ARABIC_DIACRITICS = re.compile(r'[\u0610-\u061A\u064B-\u065F\u0670\u06D6-\u06ED]')

def normalize_arabic(text: str) -> str:
    text = unicodedata.normalize('NFKC', text or '').strip()
    text = ARABIC_DIACRITICS.sub('', text)
    text = text.replace('أ', 'ا').replace('إ', 'ا').replace('آ', 'ا')
    text = text.replace('ى', 'ي').replace('ؤ', 'و').replace('ئ', 'ي').replace('ة', 'ه')
    text = re.sub(r'[^\w\s#@/]', ' ', text)
    text = re.sub(r'\s+', ' ', text)
    return text.strip().lower()

def text_for_model(text: str, use_normalized: bool = USE_NORMALIZED_TEXT_FOR_MODEL) -> str:
    return normalize_arabic(text) if use_normalized else (text or '').strip()

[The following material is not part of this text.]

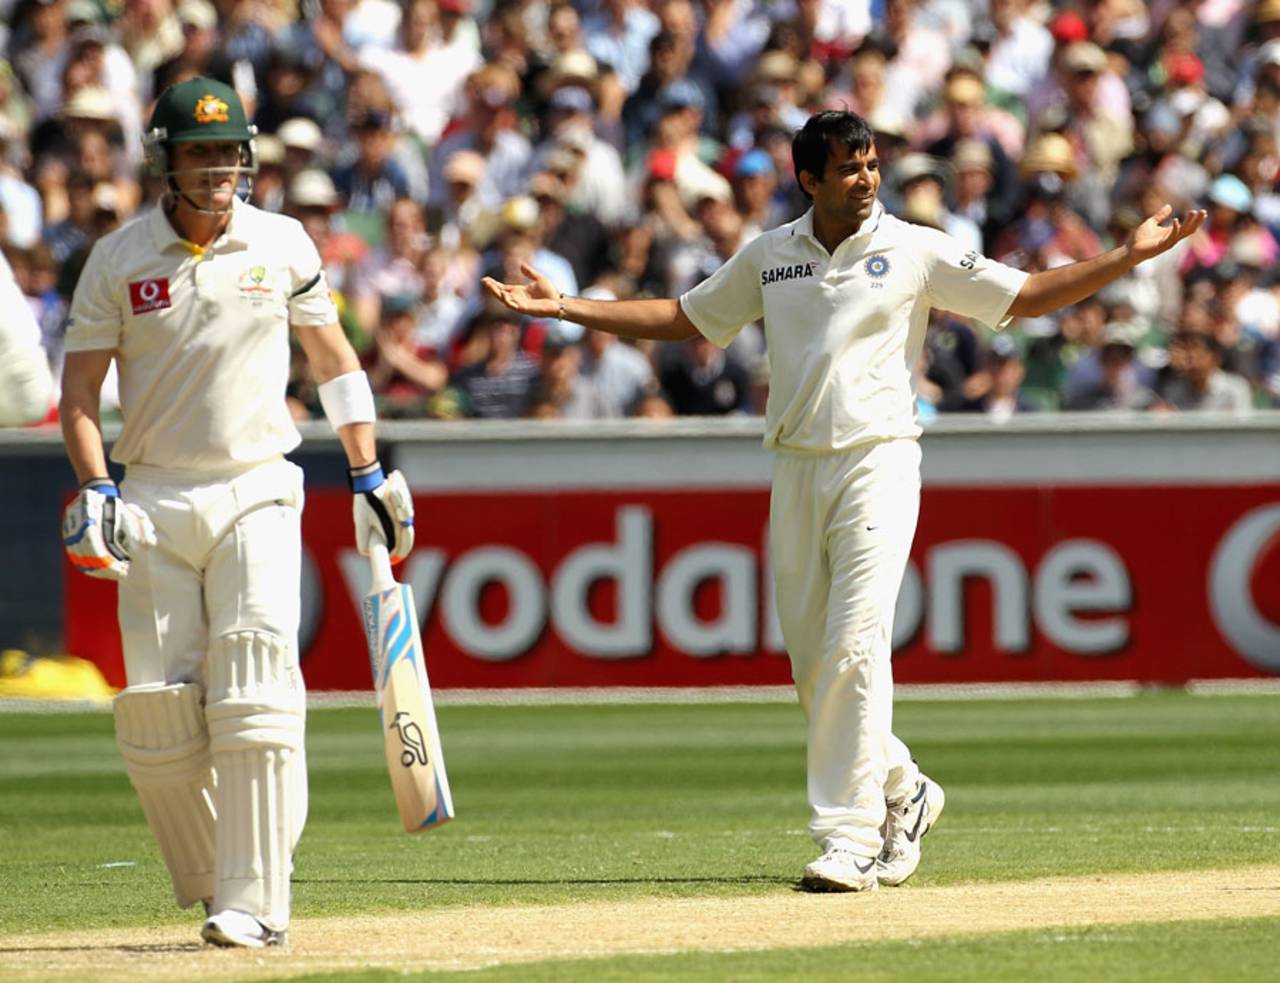 Zaheer Khan got rid of Brad Haddin early on day two, Australia v India, 1st Test, Melbourne, 2nd day, December 27, 2011
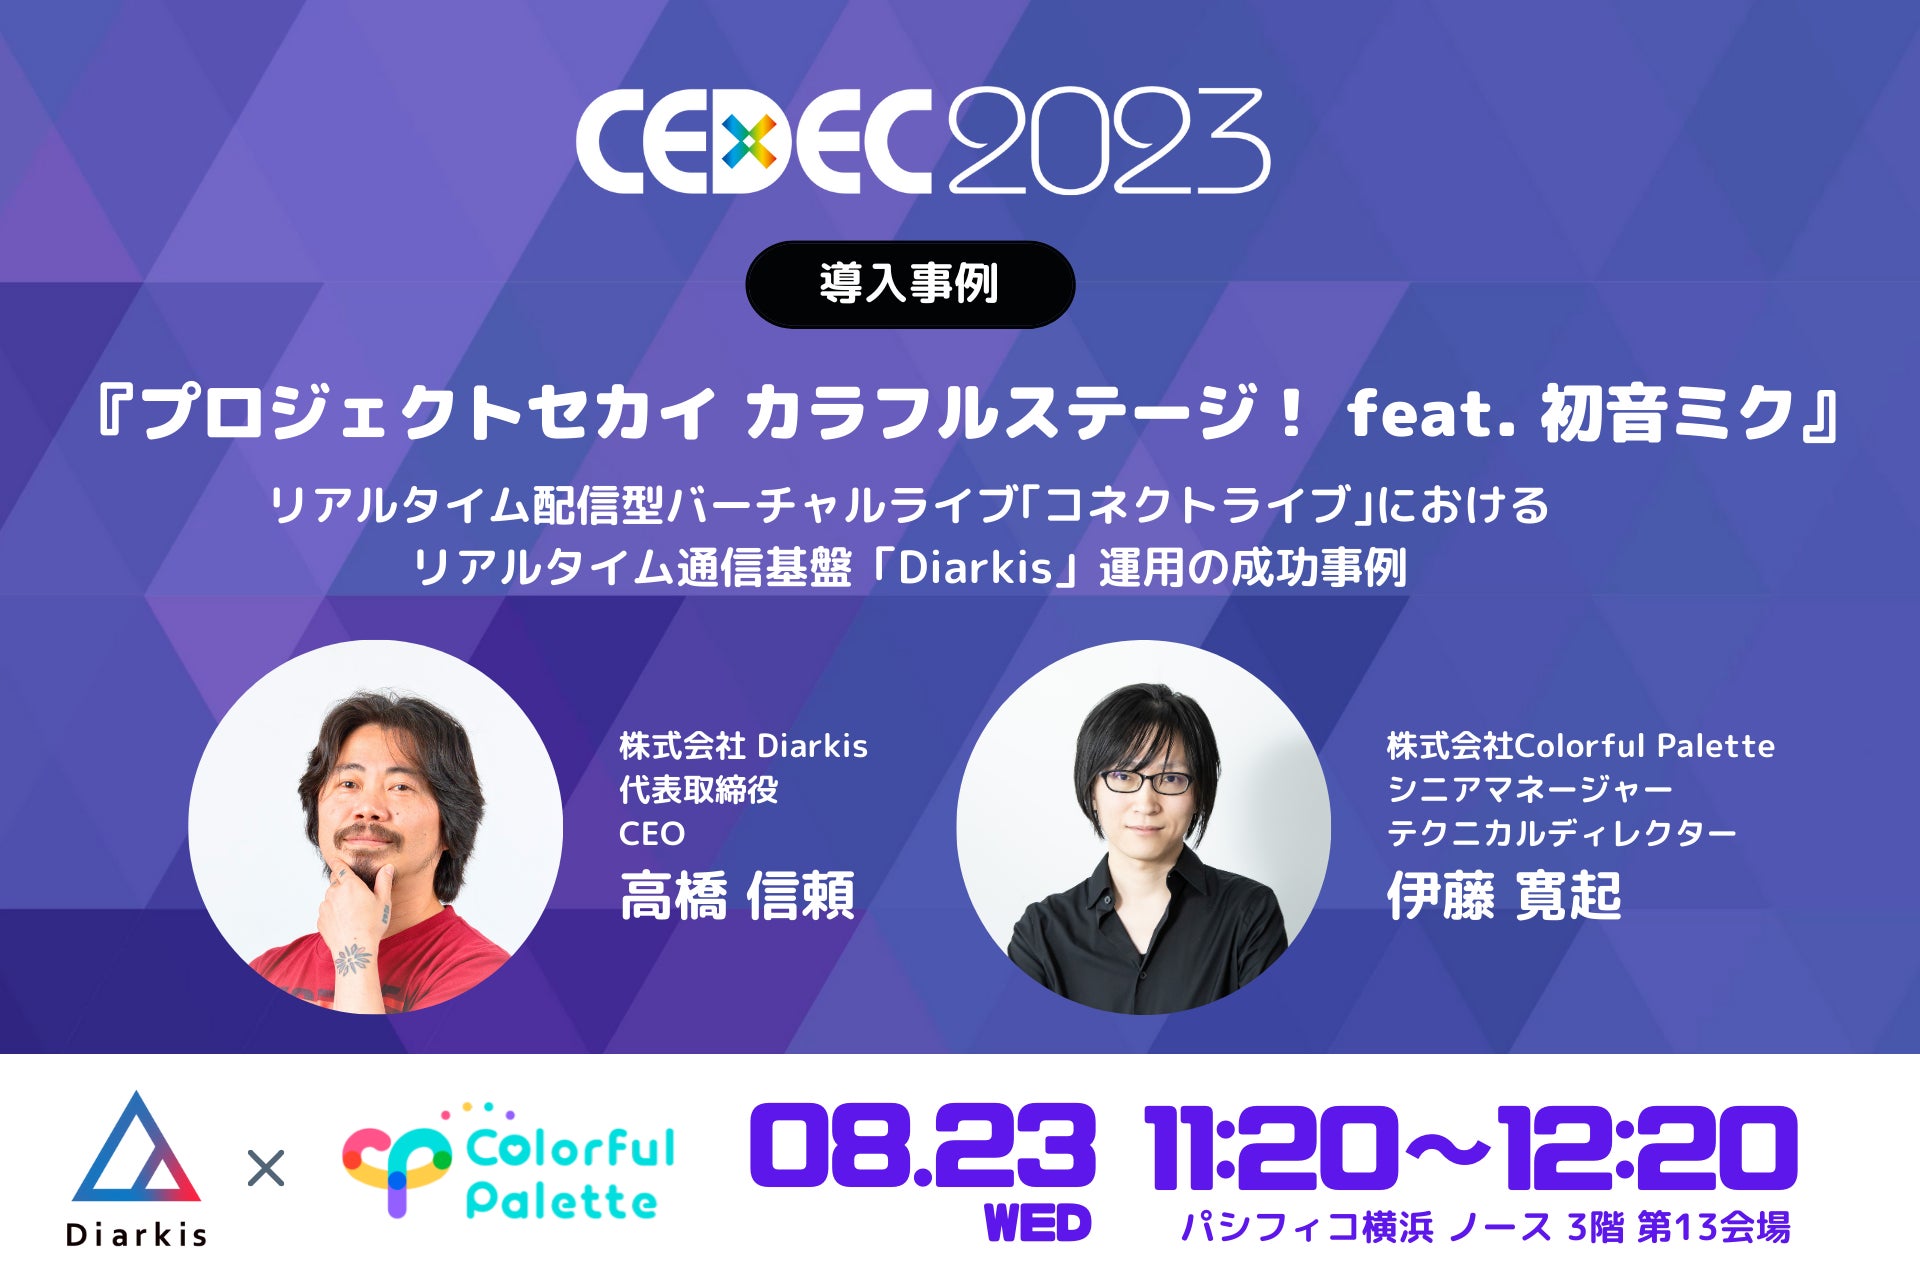 【Diarkis】CEDEC2023 スポンサーセッションに登壇・出展

# --- 2. LOAD MODEL & TOKENIZER ---
print("Loading model and tokenizer...")
tokenizer = AutoTokenizer.from_pretrained("UBC-NLP/MARBERTv2")

# Initialize custom model (Ensure MarbertMultiTask is defined in your script before this)
model = MarbertMultiTask("UBC-NLP/MARBERTv2", pooling_strategy="cls_mean_max")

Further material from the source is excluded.